Into the Wild
Jon Krakauer
In April 1992 a young man from a well-to-do family hitchhiked to Alaska and
walked alone into the wilderness north of Mt. McKinley. His name was Christopher
Johnson McCandless. He had given $25,000 in savings to charity, abandoned his
car and most of his possessions, burned all the cash in his wallet, and invented
a new life for himself. Four months later, his decomposed body was found by a
moose hunter. How McCandless came to die is the unforgettable story of Into
the Wild.
Immediately after graduating from college in 1991,
McCandless had roamed through the West and Southwest on a vision quest like
those made by his heroes Jack London and John Muir. In the Mojave Desert he
abandoned his car, stripped it of its license plates, and burned all of
his cash. He would give himself a new name, Alexander Supertramp, and ,
unencumbered by money and belongings, he would be free to wallow in the raw,
unfiltered experiences that nature presented. Craving a blank spot on the map,
McCandless simply threw the maps away.
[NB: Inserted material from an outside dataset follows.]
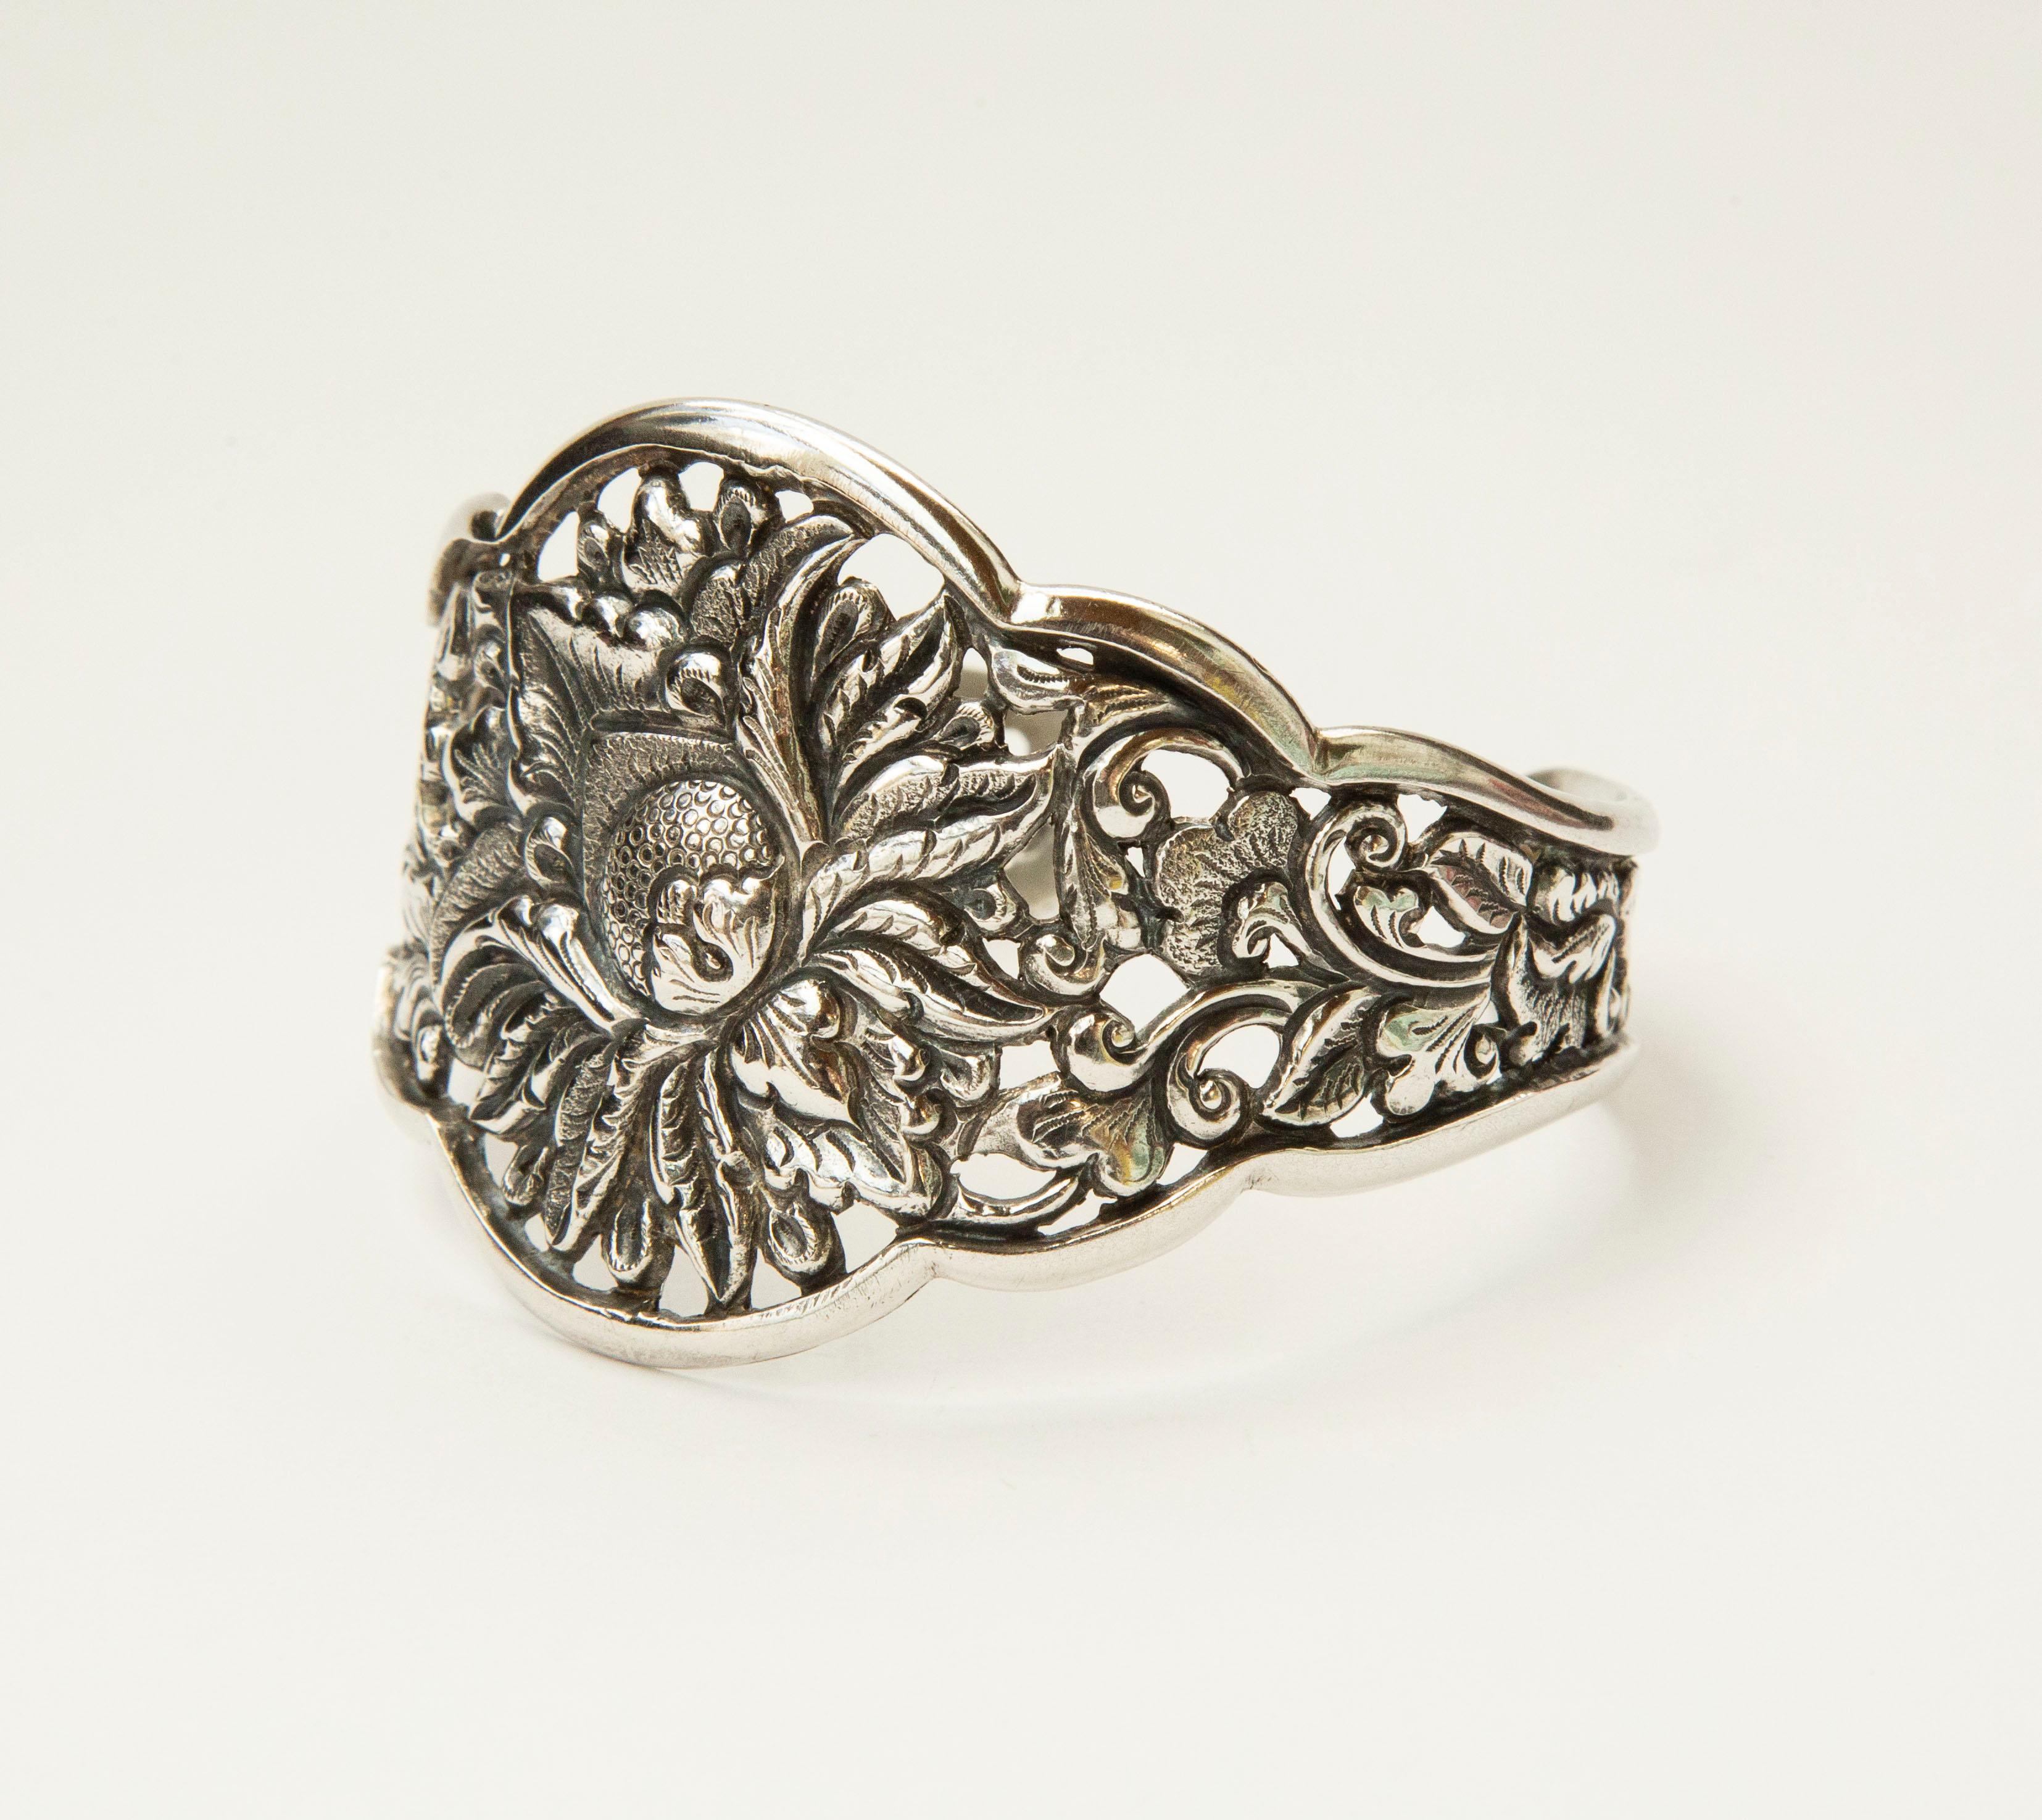 Vintage Indonesian Silver 800 Cuff Bracelet with Floral Decor CA. 1930s In Good Condition For Sale In Arnhem, NL

Leaving behind his desperate parents and
sister, he vanished into the wild.
Jon Krakauer constructs a clarifying
prism through which he reassembles the disquieting facts of McCandless's short
life. Admitting an interst that borders on obsession, he searches for the clues
to the dries and desires that propelled McCandless. Digging deeply, he takes an
inherently compelling mystery and unravels the larger riddles it holds: the
profound pull of the American wilderness on our imagination; the allure of
high-risk activities to young men of a certain cast of mind; the complex,
charged bond between fathers and sons.
When McCandless's innocent
mistakes turn out to be irreversible and fatal, he becomes the stuff of tabloid
headlines and is dismissed for his naiveté, pretensions, and hubris. He is
said to have had a death wish but wanting to die is a very different thing from
being compelled to look over the edge. Krakauer brings McCandless's
uncompromising pilgrimage out of the shadows, and the peril, adversity , and
renunciation sought by this enigmatic young man are illuminated with a rare
understanding--and not an ounce of sentimentality. Mesmerizing, heartbreaking,
Into the Wild is a tour de force. The power and luminosity of Jon
Krakauer's stoytelling blaze through every page.